I bought this Axle Back Exhaust off of Ebay.

http://cgi.ebay.com/ebaymotors/ws/eBayISAPI.dll?ViewItem&item=2449366969&category=33630&rd=1

This bolted right up. I removed my stock muffler and bolted this one right into it’s place in 10 minutes a very straight forward installation.
The sound is great I like the sound it compliments my Stillen Y-pipe. It tucks right up against the bumper cutout nicely and does not hang down too low under the car.
After driving around I really like the tone of my exhaust now it really sounds good to me it gives it the V6 tone 
$55.99 plus $25.00 s&h UPS this was a great deal!

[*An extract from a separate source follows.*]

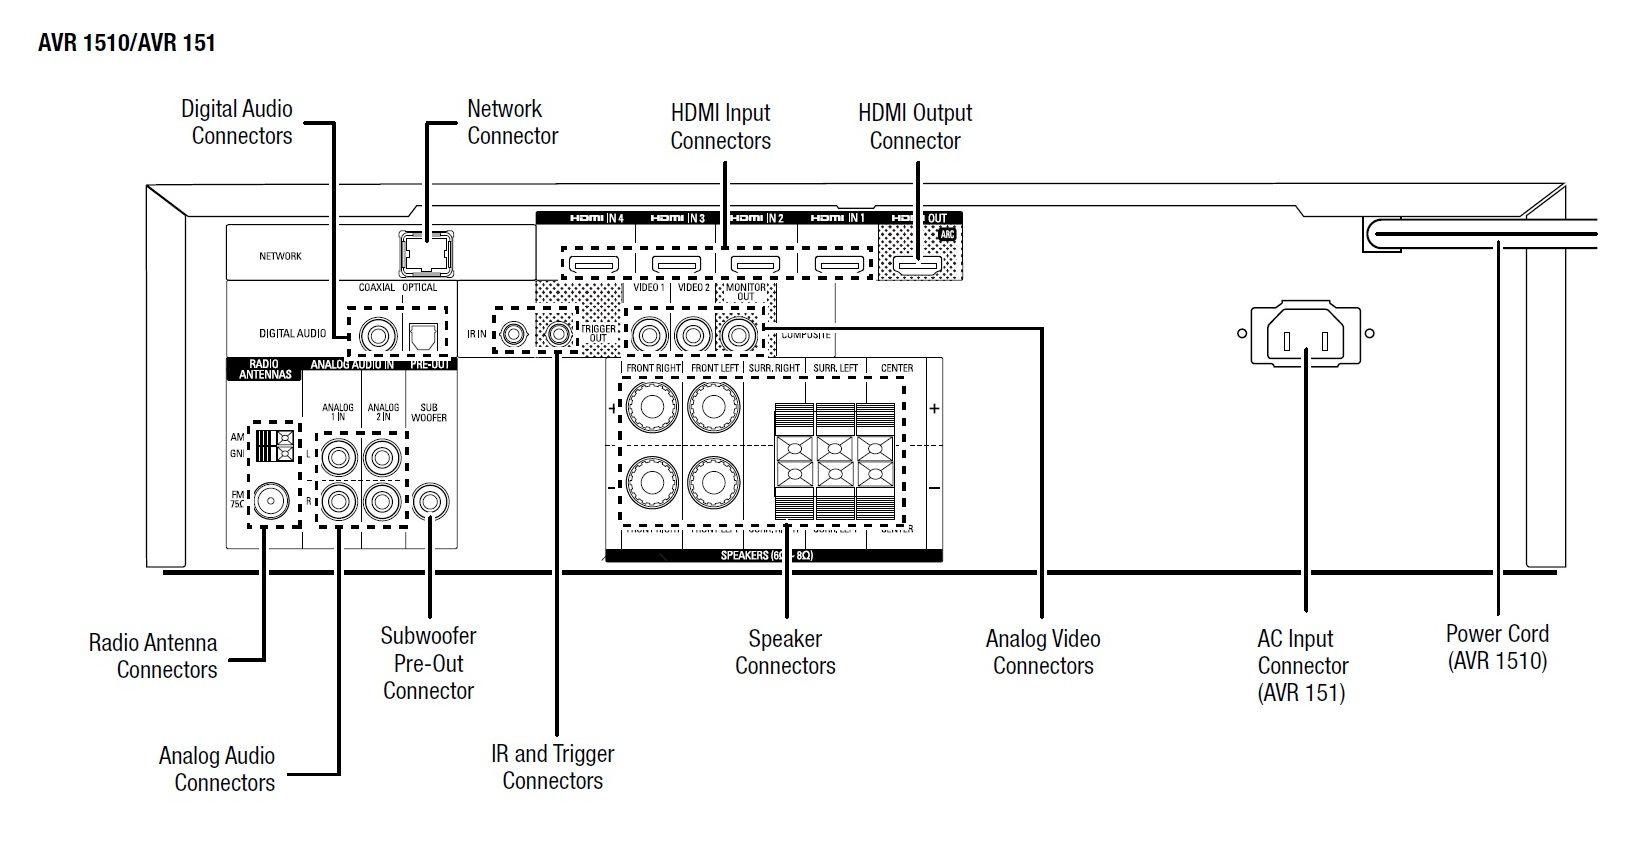 harman/kardon HKTS 9 BQ с AVR 151 ресивър - 7

I’m now selling my stock muffler(it has a Pilot Motorsports Bolt-On rolled 4” tip) very good condition asking $75.00 shipped
http://images.cardomain.com/member_images/12/web/24000-24999/24211_573_full.jpg
http://images.cardomain.com/member_images/12/web/24000-24999/24211_574_full.jpg
this is how it looked on my car...
http://images.cardomain.com/member_images/12/web/24000-24999/24211_575_full.jpg


----------



## stang233 (Jan 17, 2004)

*Did u notice power gains*

Man looks good... Hey did u notice any power gains with that exhuast. And i know im new here and I believe i know what the y-pipes are but give me low down on what you have.. Thank dude Rich


----------



## maxedout97maxima (Dec 2, 2002)

stang233 said:


> Man looks good... Hey did u notice any power gains with that exhuast. And i know im new here and I believe i know what the y-pipes are but give me low down on what you have.. Thank dude Rich


I noticed a little bit of "power".....


----------